Penetrating Playing from the Belcea Quartet

United KingdomUnited Kingdom Haydn, Britten, Shostakovich: Belcea Quartet (Corina Belcea, Axel Schacher, violins; Krzysztof Chorzelski, viola; Antoine Lederlin, cello). Wigmore Hall, London, 1.11.2013  (CC)

Haydn  – String Quartet in E flat, Op. 64/6 (1790)
Britten  – String Quartet No. 1 in D, Op. 25 (1941)
Shostakovich – String Quartet No. 3 in F, Op. 73 (1946)


This was a terrific concert from all angles. The Belcea Quartet has been impressing ever since its EMI Debut disc of Debussy, Dutilleux and Ravel. Their recital began with Haydn’s E flat Op. 64/6 Quartet, a work that has also, incidentally, found its way onto the Wigmore Hall’s own label – played there by the Elias Quartet. The piece’s invention goes almost without saying. The Belcea’s response was positively chameleon-like, adjusting to each of Haydn’s emotional areas with remarkable ease. The opening revealed a beautifully blended sound – the exposition repeat was honoured; the imitative development, with its clear but confounded ambitions to blossom out into a full fugue, was superbly realised with astonishing clarity of line, apparent even from the very back of the hall.

The Andante revealed true poignancy and subtlety; the contrast with Corina Belcea’s impassioned outburst was visceral, heartrending and delivered with a pure, piercing tone. The playful bucolic nature of the Menuetto offered maximal contrast. The finale, a Presto, was perhaps surprisingly serious – certainly in contrast with the Elias Quartet. The Belcea’s take was to raise the piece to almost symphonic status, and their ploy worked extremely well. Superb!

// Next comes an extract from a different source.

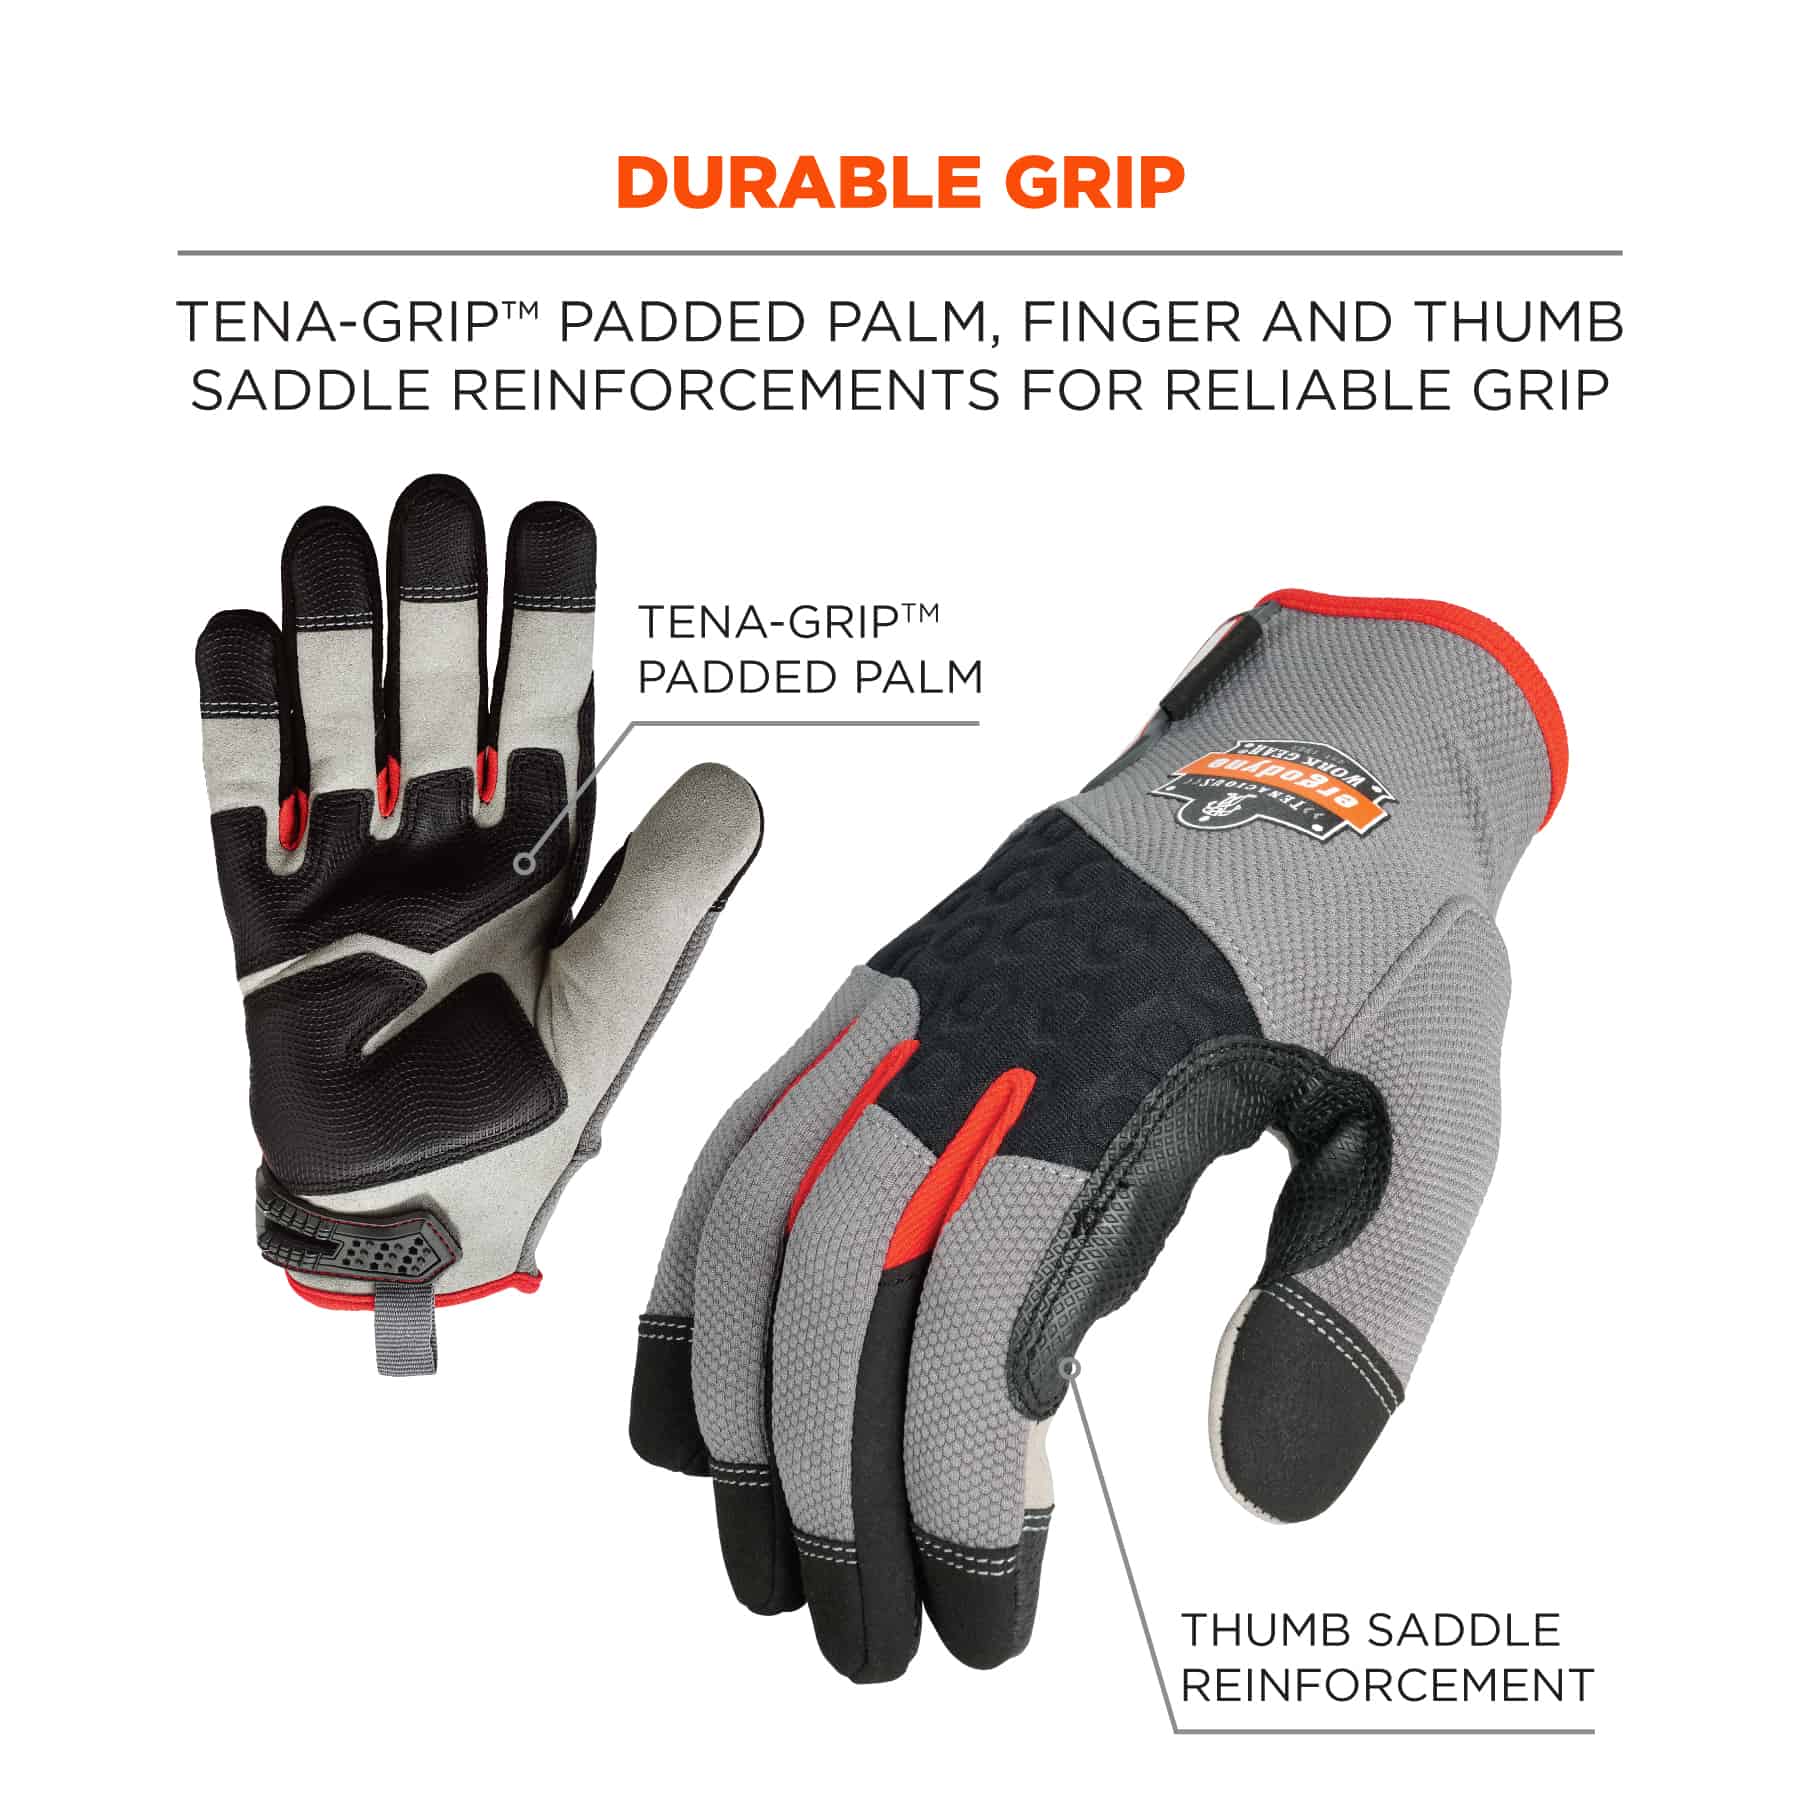 Cut Resistant Gloves - M - HART Tools

So was their account of the Britten First Quartet. The sheer control of the upper three members for the opening clusters was remarkable: ethereal and blanched of tone. This quartet, written in America, reveals Britten at his finest: imaginative, daring, yet instantly recognisable. The Belcea have, of course, put down a splendid recording of the Britten Quartets for EMI (review). This performance had all of the accuracy of a studio account with the immediacy and spontaneity of a live one. Britten’s wondrous variety of textures over the nearly ten-minute span is incredibly impressive; as are the near-Beethovenian explosions of the ensuing Allegretto con slancio. The third movement is an example of Britten “Night Music”, a near-relative to Bartók in this regard. The rich sound of the Belcea and their intense climax made this a memorable reading; the beautifully fragmentary, gestural finale constituted the perfect close.

Shostakovich’s Third Quartet was written five years after the Britten. The melody of its jaunty opening melody on first violin contains characteristic Shostakovich sleights that perhaps were underplayed here – memories of the great Borodin Quartet provided the yardstick here. The Belcea’s pianissimi were magical, and later frenetic passages bordered on the manic. The Belcea was better with the ghost of a dance that is the Moderato con moto – the second of the five movements – and in the extreme contrasts of the third movement, where huge energy meets ghostly shadows. It was violist Krzysztof Chorzelski who distinguished himself in his third movement solos, underpinned by desolate sets of three repeated notes on cello. The ten-minute finale has its share of faux-naïf material that could perhaps have had its dual nature better projected, with the underlying unrest at least there in the shadows, but this remains an impressive achievement. There was no encore, but none was needed.

A very special concert; particularly the first half.